Sam went into early retirement some years ago and is battling financially in making ends meet with his small pension. I’ve known Sam for several years and decided some time ago to shift him from friends to a distant associate.
Who is abusing you as an emotional garbage bag?
It took me a while to understand that spending time with Sam was emotionally draining because he spent most of the time blaming all that went wrong in his life on his family history. He is still dumping all his emotional baggage onto anyone willing to offer a sympathetic ear because unsurprisingly he has few real friends left.
Sam has spent most of his life living in quiet misery after a therapist told him that his authoritarian father and siblings were to blame for his depression. Over the years he spent a fortune on different therapies with no noticeable change to his mental health.
I have a particular gripe against a certain school of therapy that seems to absolve the client of all responsibility for the circumstances they find themselves in, particularly when it comes to blaming family circumstances, bosses at work, former teachers, and former marriage partners for everything that has gone wrong.
The blame game is meanwhile becoming a collective behavior pattern where the heads of government, educational and religious institutions, big business, and global organizations are becoming the targets for venting toxic emotions. The vile language in some of the social media chats is revealing of the culture of entitlement.
Just don’t take responsibility for your own life!

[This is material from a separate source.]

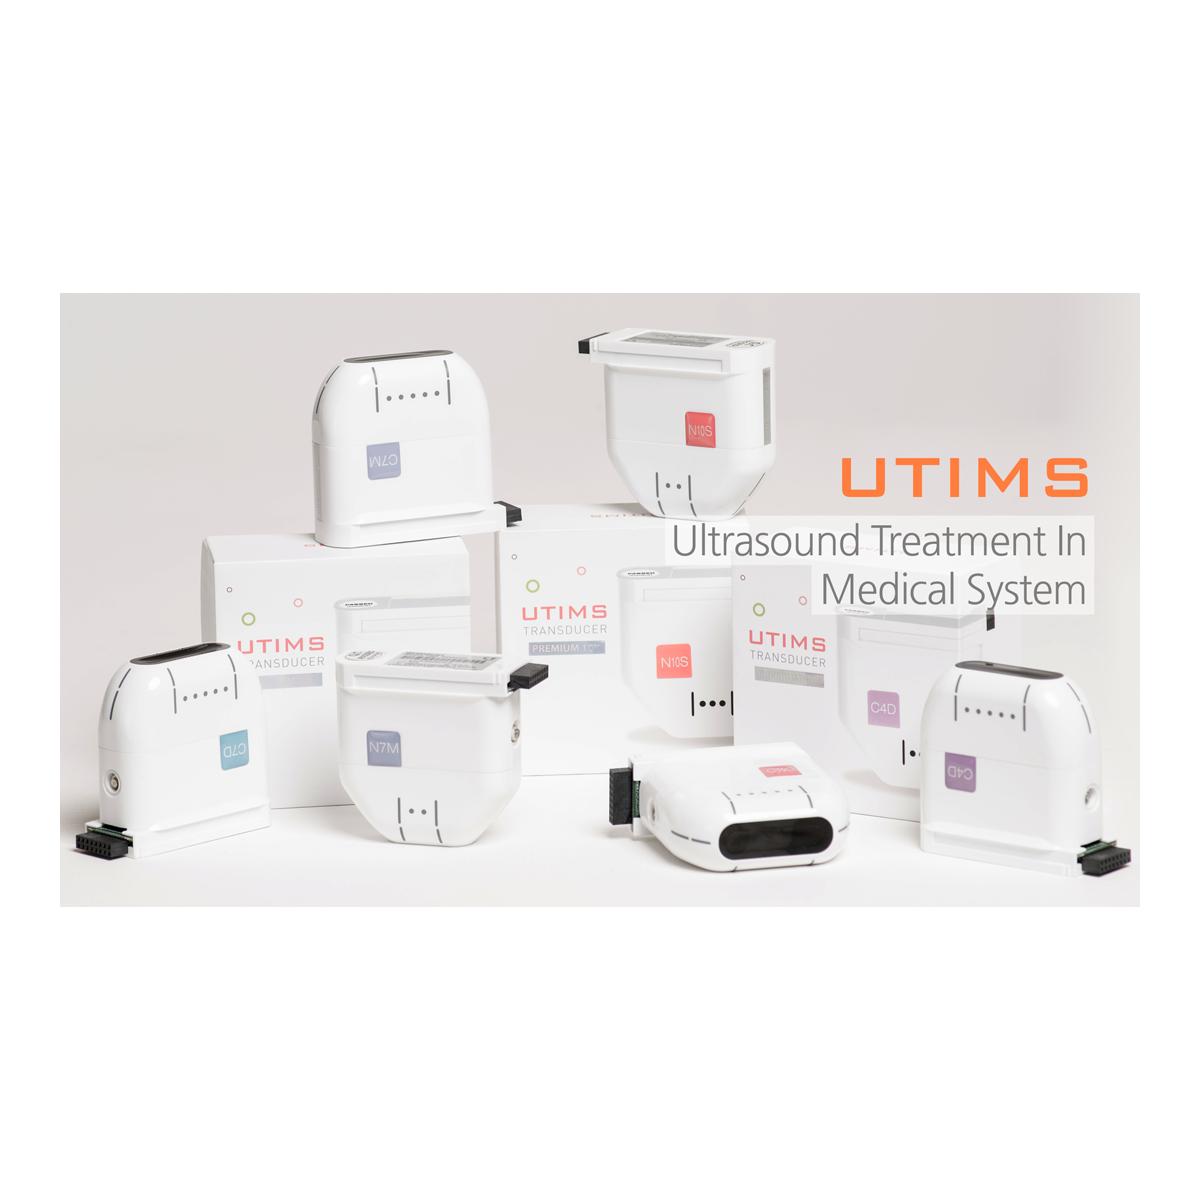 Equipo HIFU de ultrasonido focalizado UTIMS

Divorce, separation, and early childhood trauma and neglect is almost everybody’s history. So what is the big deal? Get over it and move on and stop spending the rest of your life wallowing in self-pity like Sam. If you have suffered a major personal loss, the big question to ask is: What have I got left?
The first step in moving forward is acceptance
When famous British physicist Stephen Hawking was diagnosed early in his career with motor neuron disease that gradually paralyzed him, he did not fall into self-pity. All his mental capacity remained. When he was confined to a wheelchair and eventually lost his speech he could only communicate with a speech-generating device. Yet he continued traveling widely and working on numerous scientific studies. When Hawking died at the age of 76, he had become one of the world’s most renowned physicists.
With so many people at the moment suffering financial, health, and personal loss as a result of the pandemic, the first step is acceptance. Be true to yourself and accept that you are not responsible for external circumstances but very well responsible for your attitude toward those circumstances that are out of your control.
- What can I learn from the new situation?
- What resources, knowledge, networks can I activate?
- What is the first step that I can take today to change my situation?
- What are the things that I can still truly be grateful for?
- What habits, attitude, and mindset can I change that will improve my vibrational energy that will in turn attract from the universe what I need?
Gratitude, self-care, humility, and self-respect is the antidote to blaming external circumstances and going into entitlement. By blaming the abuser you are giving that abuser power over you that he does not deserve. By accepting responsibility for your own life you are consciously regaining your self-respect and motivational energy to move forward.